The outcome of the case will have a significant impact on oil and gas taxes, as the recent Consolidated Appropriations Act of 2021 extended the oil spill liability tax to December 31, 2025.
Section 4611
Section 4611 imposes a tax of nine cents per barrel on domestic crude oil received at a United States refinery and on petroleum products entered into the United States for consumption, use, or warehousing. Section 4611(b) imposes the tax on domestic crude oil that is “used in or exported from the United States” unless the tax was previously imposed before use or exportation. The oil spill liability tax is used to fund the Federal Oil Spill Tax Liability Trust Fund, which reimburses a company that is responsible for an oil spill for expenses above the statutory cap on liability.
Recent case
In 2019, Trafigura Trading LLC filed suit against the IRS for a refund of the tax on crude oil exported from the United States. The company argued that Section 4611(b) is unconstitutional under the Export Clause of the Constitution, which states that “No Tax or Duty shall be laid on Articles exported from any State.” The IRS responded that Section 4611(b) is not a tax but a user fee paid by exporters in exchange for the statutory cap on liability.
The Supreme Court has recognized an exception to the export clause for a “legitimate user fee” and has developed a two-part test for whether a charge is a tax or a user fee.
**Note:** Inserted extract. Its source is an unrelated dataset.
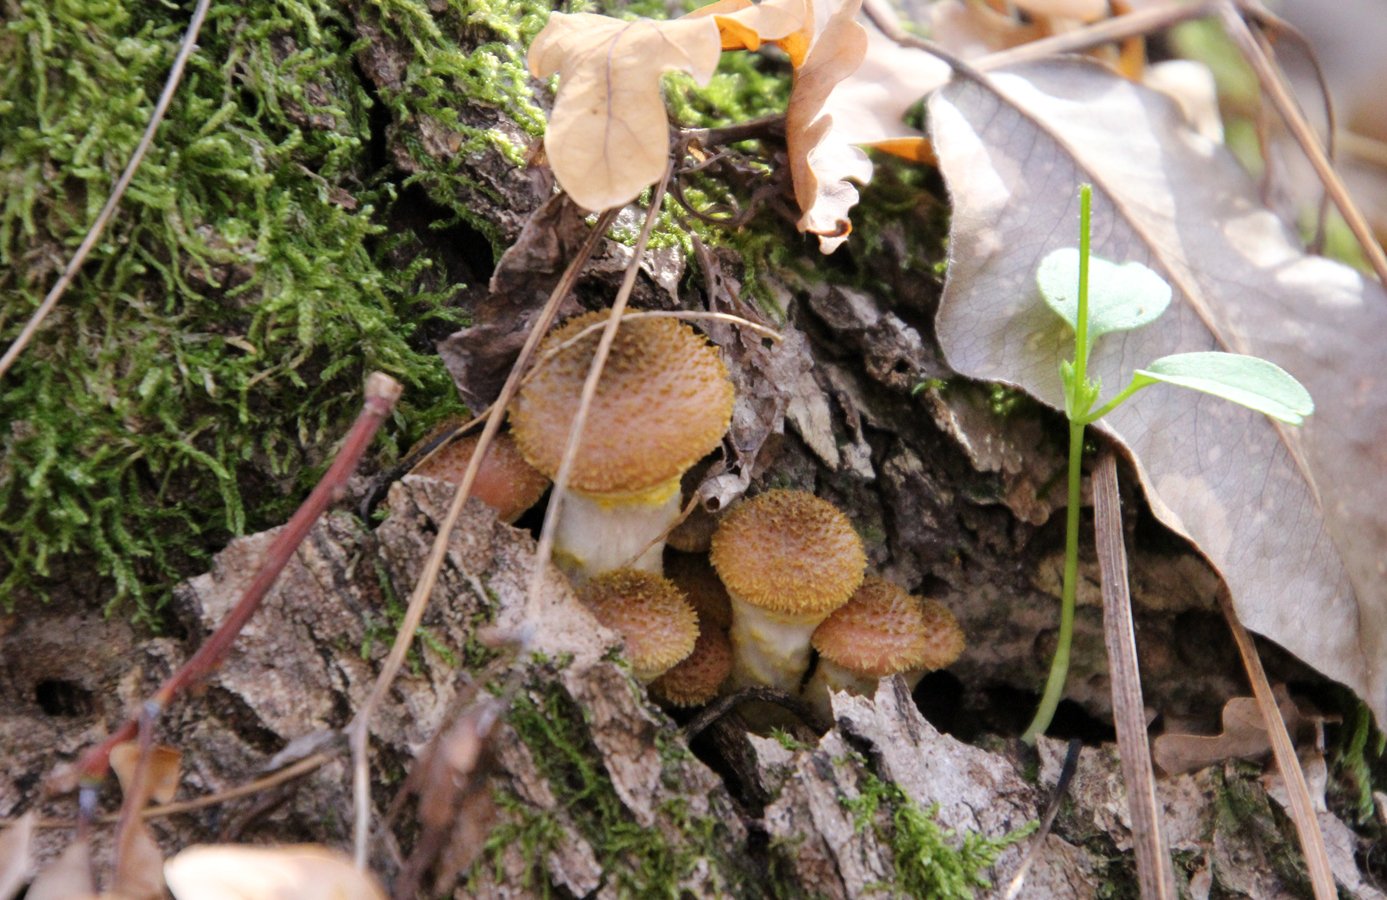 Опенок тополиный – вкусный культивируемый гриб

The first part of the test is whether the charge is determined based on its proportion to the quantity or value of the export. The second part of the test is whether the charge is excessive or whether it fairly matches the exporter’s use of the services provided by the funds raised from the charge.
Under the test, charges that are proportionate to the quantity or value of the export and that are excessive with respect to the exporter’s use of the service provided are more likely to be considered taxes. Charges that are not proportionate to the quantity or value of the export and that fairly match the cost of exporter’s use of the services provided are more likely to be considered legitimate user fees.
The District Court determined that Section 4611(b) is an unconstitutional tax on exports because it is determined based on its proportion to the quantity or value of the export and it does not fairly match the exporter’s use of the liability cap services provided by the funds raised from the charge.
What does this mean for oil exporters?
If the Appeals Court upholds the District Court’s decision, companies that paid the tax may be entitled to a refund. If the court finds for the United States, companies that did not pay the tax will owe the tax along with interest and a late penalty. Refund claims that are filed now will likely not be processed until the court makes a decision. In the meantime, oil exporters should pay the tax to avoid any possible penalties and file protective claims for a refund of the amount paid.